A new kind of school teaching vernacular literature and commercial mathematics and bookkeeping skills appeared in Italy in the second half of the thirteenth century. These schools taught little or no Latin, but did teach popular vernacular texts, often stories illustrating the benefits of Christian virtues and the terrible consequences of vices. The commercial mathematics (called abbaco) and bookkeeping skills were quite
complex. The vernacular schools educated boys who would become merchants or otherwise enter the commercial world. Other parts of Europe, especially Germany, had vernacular schools in the sixteenth century, which probably means that they began in the Middle Ages, but little is known about them.
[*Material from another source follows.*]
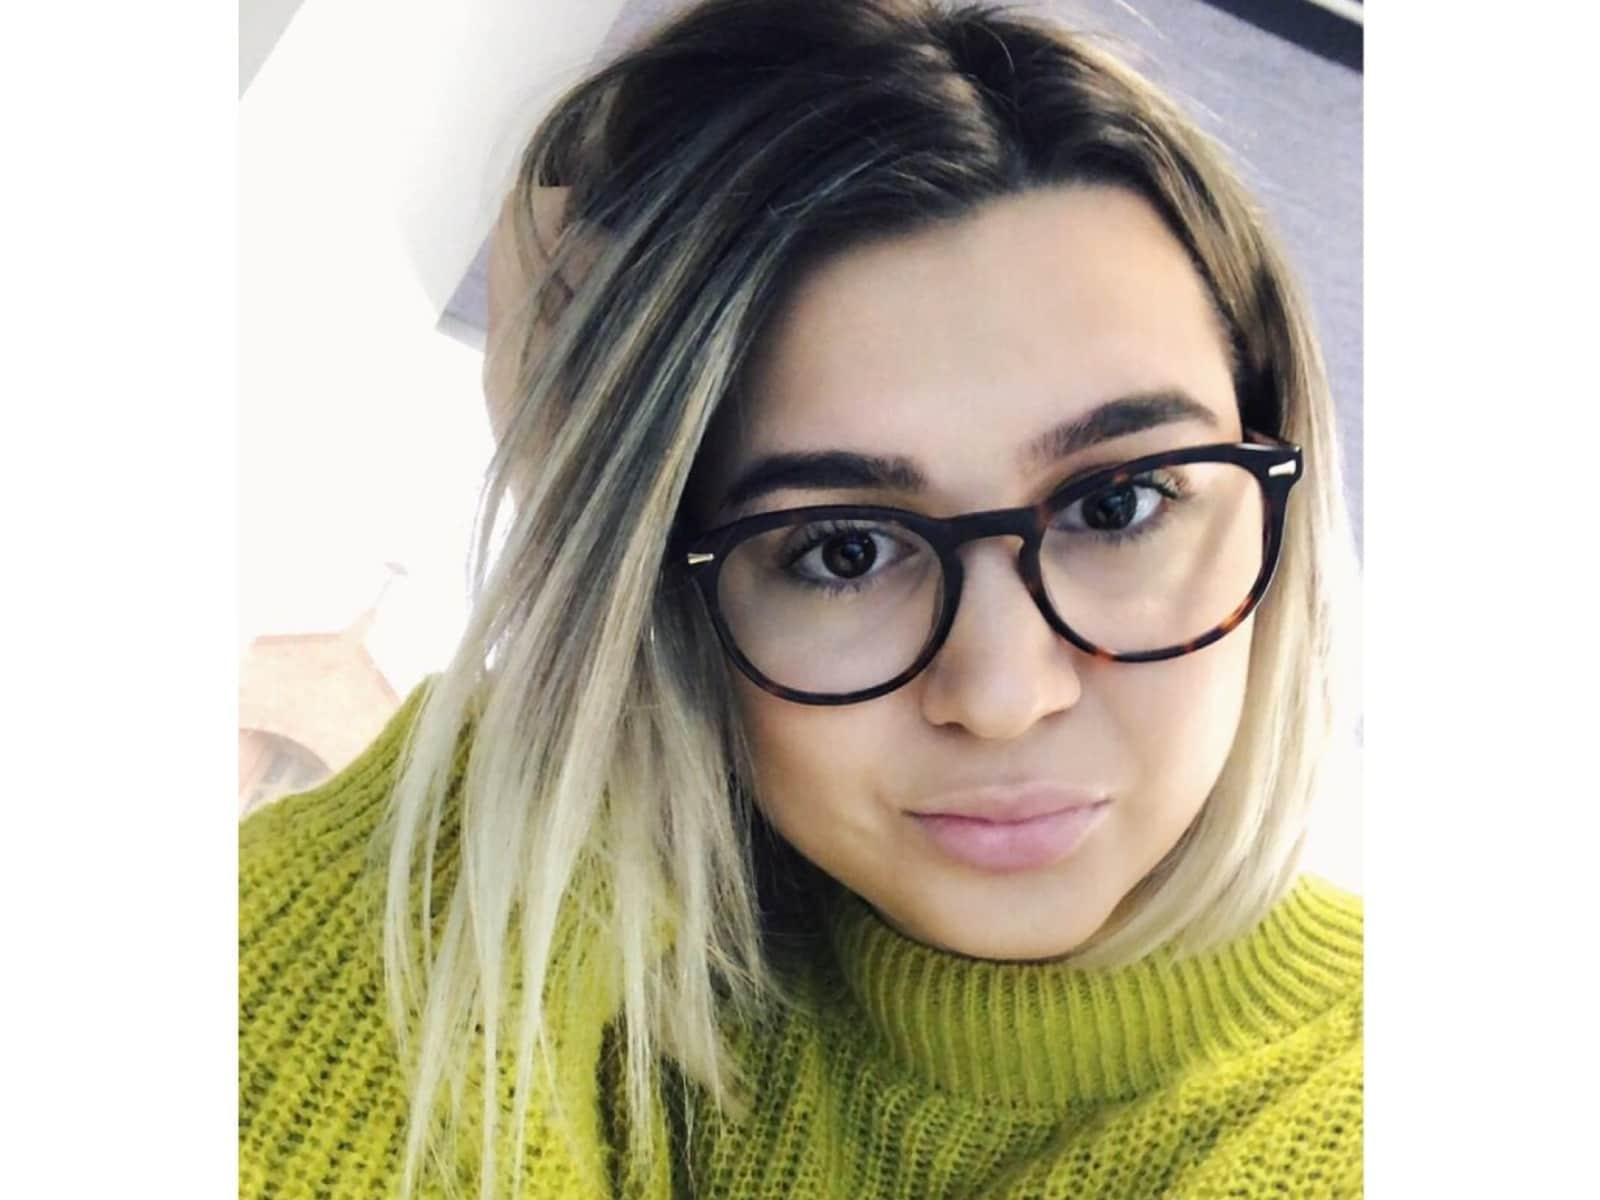 Karina from Templestowe Lower, Victoria, Australia

Outside Italy vernacular schools did not teach t he sophisticated commercial mathematics and bookkeeping skills of Italian vernacular schools until much later. These modest vernacular schools marked a new departure in European education because they educated boys for secular nonprofessional and nonuniversity careers. They marked the beginning of a separation between Latin humanistic education for the elite, universitybound
student and a practically oriented education for the rest who would enter the world of work. This division lasted through World War II (1939–1945) and is still found in Europe in some measure.